The US labour market
This then brings us to the US labour market and, as the Bloomberg chart shows below, the trend in the pace of monthly job creation is falling. This culminated in the May jobs report printing an awful 38,000 jobs, although this was impacted by a strike by Verizon workers. Taking the trend into consideration, the three-, six-, and year-to-date monthly averages are 115,000, 150,000 and 170,000 jobs respectively. So this highlights a worrying trend and makes this Friday’s payrolls print so important for confidence in the US economy.
The non-farm payrolls matrix
The economist’s consensus currently sits at 180,000 jobs created in June, with the economist range being 239,000 to 100,000, although this may change somewhat depending on tomorrow’s ADP private payrolls release (due at 22:30 AEST).
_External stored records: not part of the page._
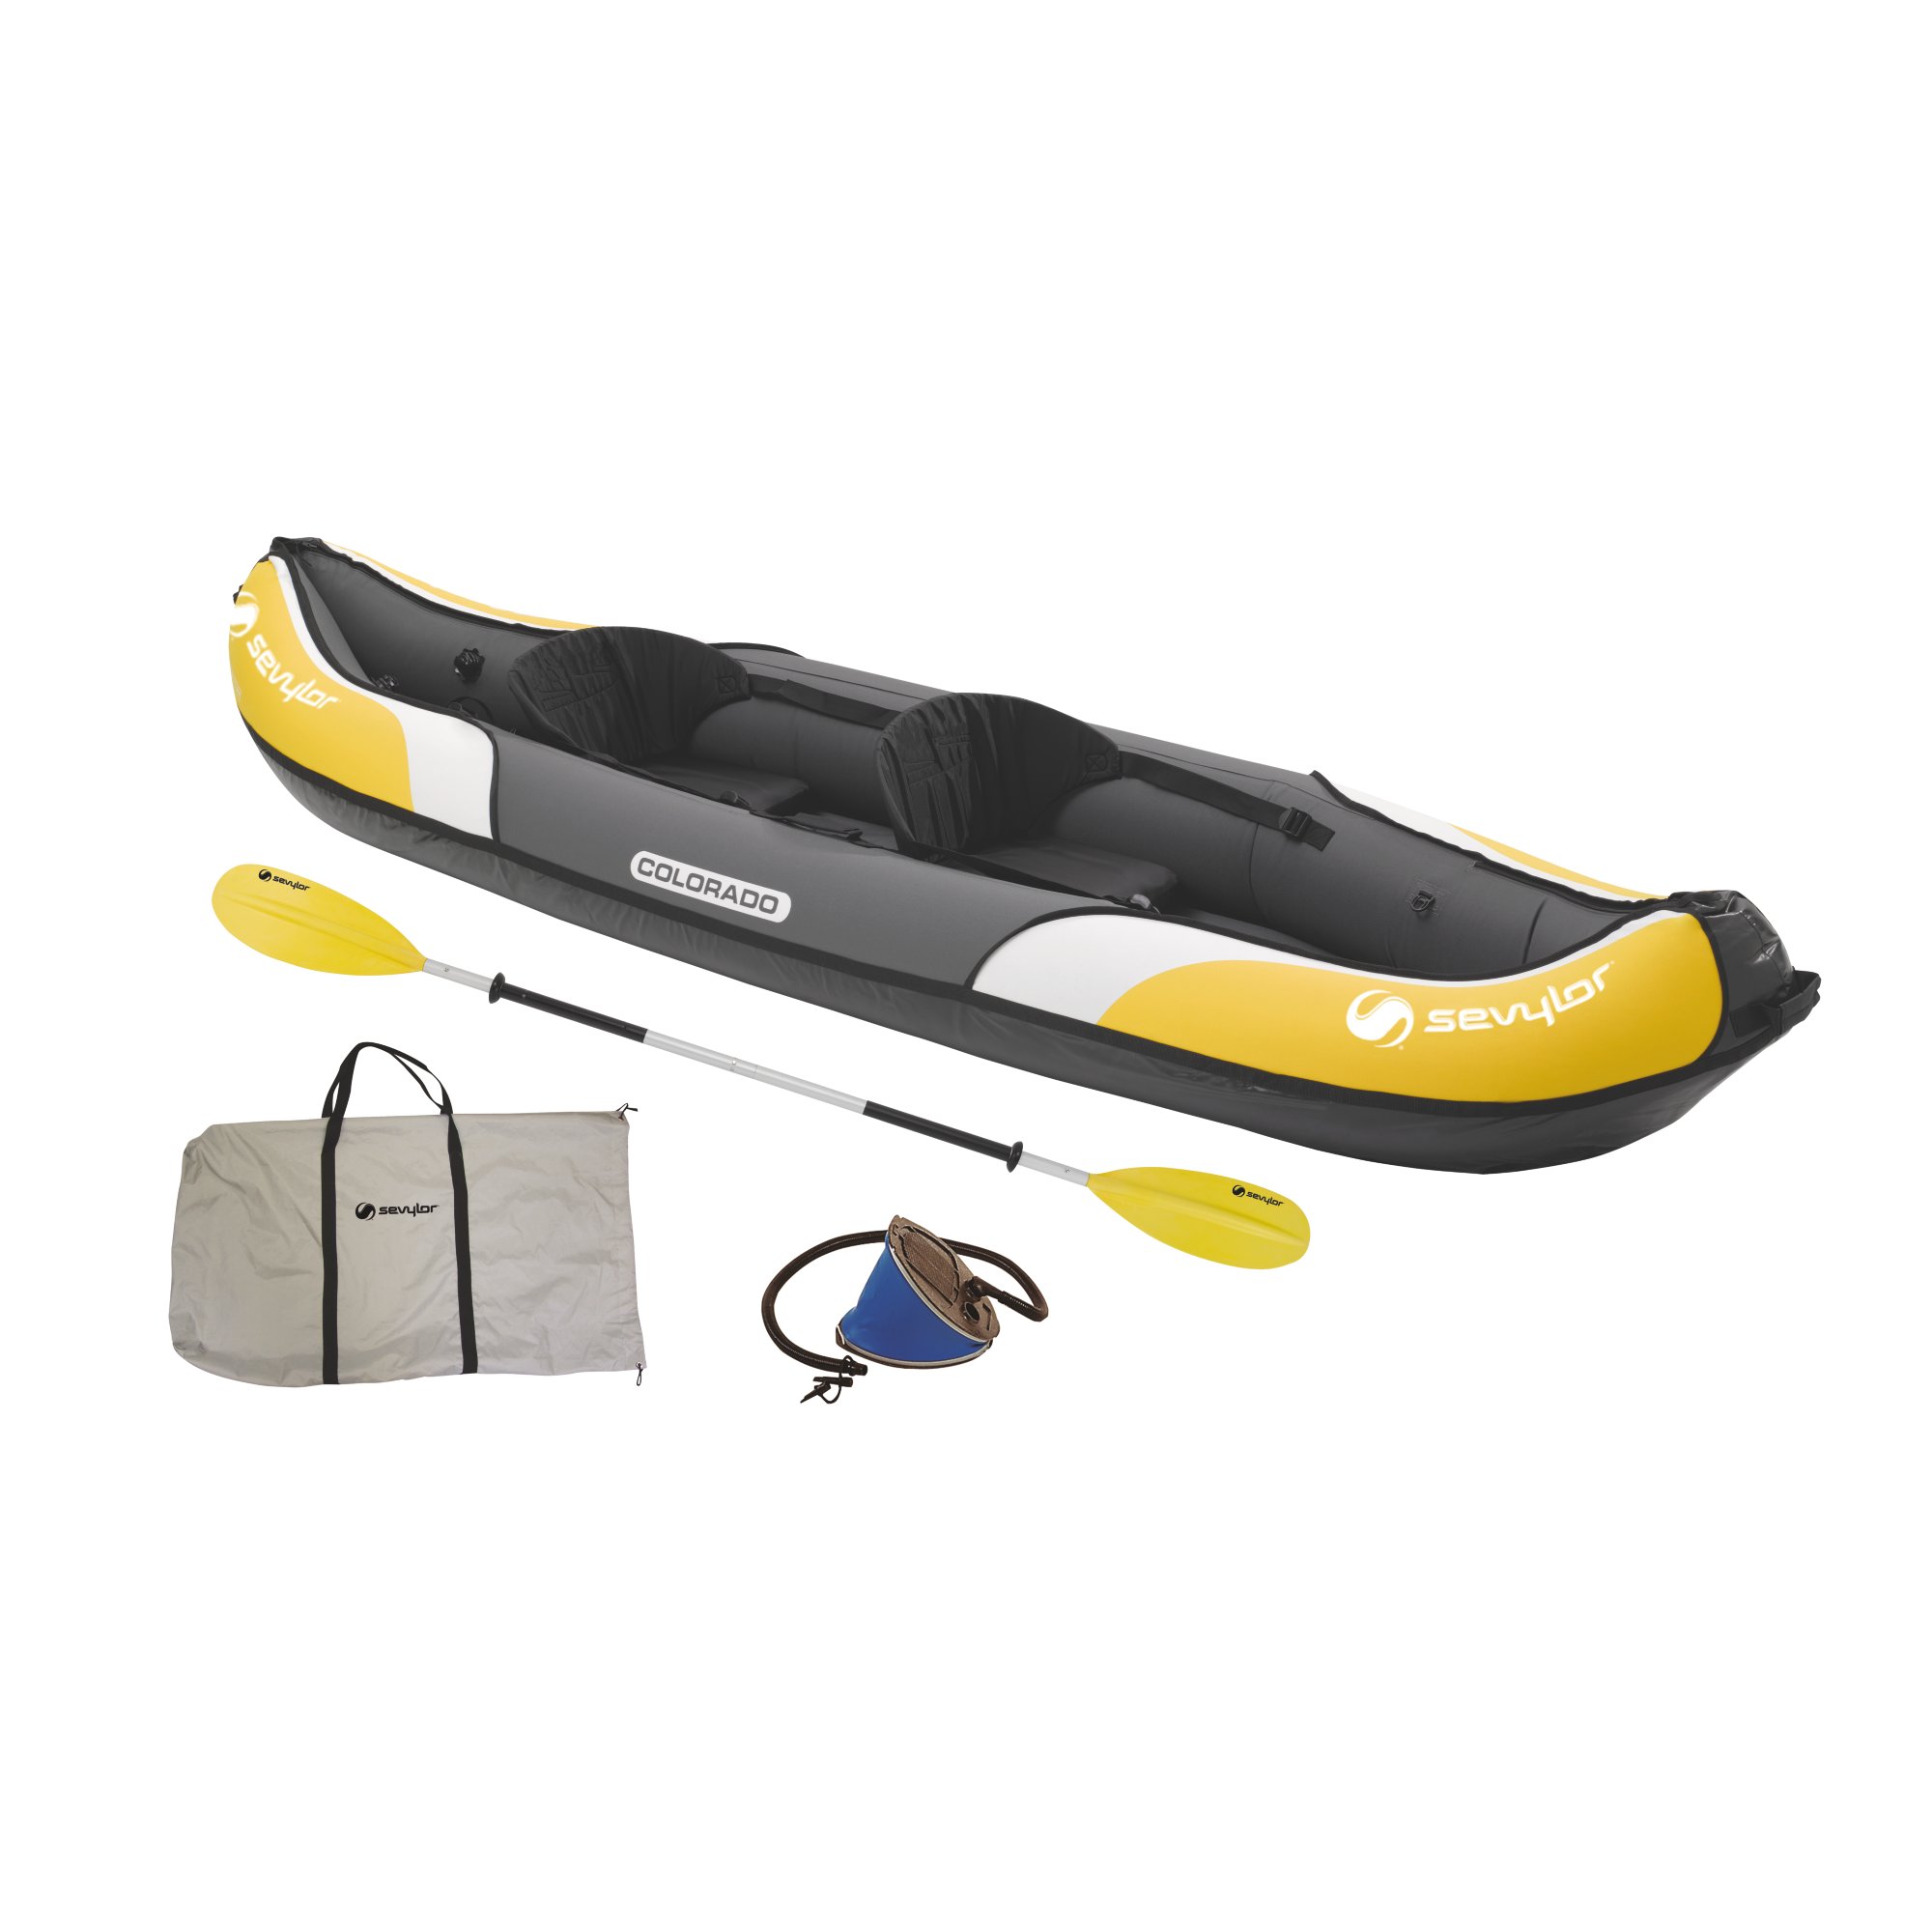 Colorado Kit Inflatable Kayak
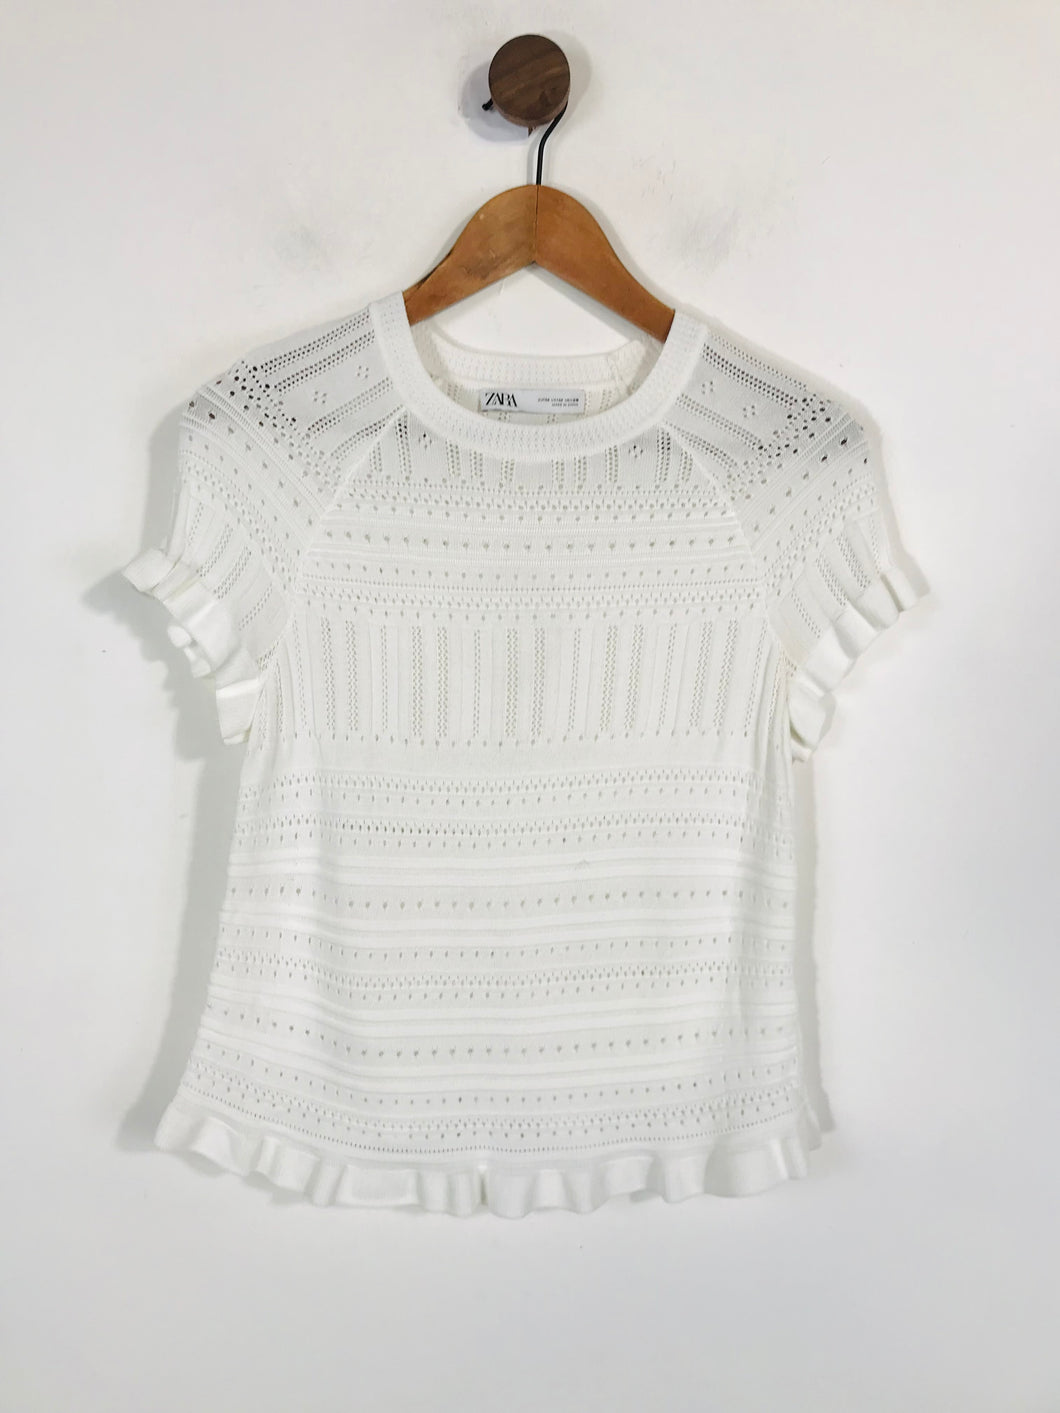 Zara Women's Lace T-Shirt | M UK10-12 | White
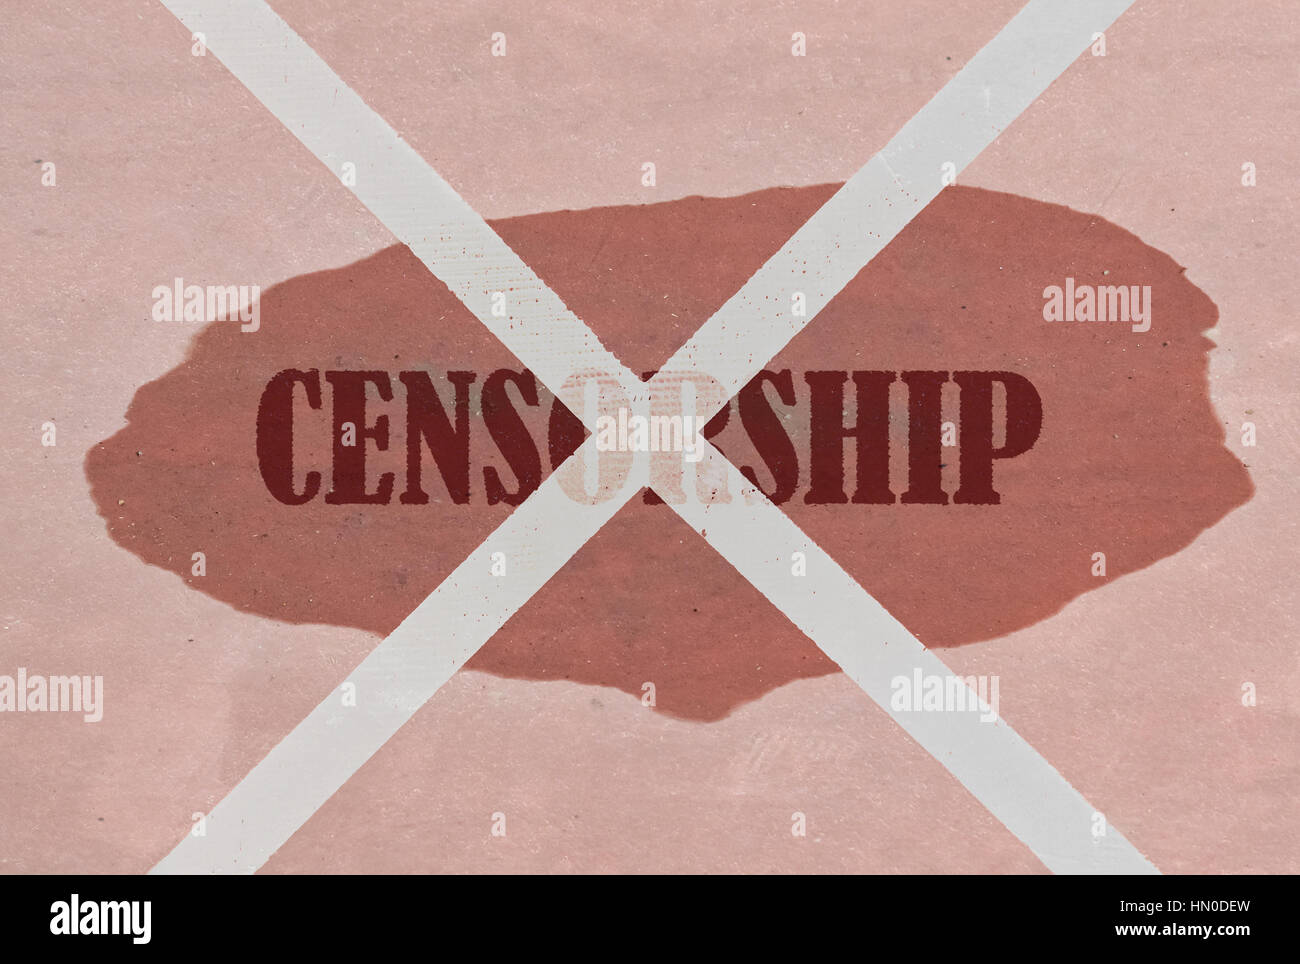 Strikethrough word Censorship written on pink background Stock Photo

The unemployment rate is expected to tick up to 4.9% (from 4.8%), while the hourly earnings are expected to highlight an annualised pace of 2.7%. On a positive note, 2.7% would be the fastest pace of wage growth since 2009. Given these expectations, I would use this matrix as a guide for markets to focus on:
Less than 150,000 jobs – Arguably this outcome would throw up the greatest volatility in markets and the question would then become whether the Fed cut rates in future meetings, or whether we are more likely to see another round of asset purchases (or QE4).
Traders should look to buy the JPY for its safe-haven qualities and specifically look to sell USD/JPY for a move into and potentially below ¥100. The S&P 500 (or US 500 on Puredeal) should head into 2050 on growing concerns of a future US recession, which investment banks such as Deutsche see as a 60% probability at present. Gold would likely head towards $1400, with silverfaring even better, and given the uptrend in both commodities, this would be the preferred trade.
The AUD/USD would likely rally back above $0.7500, with US interest rate markets likely to price in the chance of easing from the Fed.
160,000 to 180,000 jobs – On this outcome, the market will look for further clues on the economy, so will likely focus more intently on the unemployment rate and hourly earnings data. This print doesn’t really change the economic backdrop, but it does suggest last month’s terrible jobs release was a one-off, so there may be some relief expressed in markets. This could be a modest positive for the S&P 500, while could see AUD/USD trade modestly lower.
190,000 jobs and above – This scenario should provide some assurance to traders that the economy in the US is not as bad as perhaps feared and the probability of a rate hike this year would increase. Central banks around the world would naturally welcome this outcome. With this in mind, I would expect the USD basket to rally strongly and feed into the technical set-up portrayed above. Expect gold to come under strong selling pressure given hedge funds and other speculative participants have never held a larger net long position. GBP/USD would also be an interesting trade, as a strong jobs print would likely see the pair continue on its strong descent into $1.2500, despite being hugely oversold on a technical basis.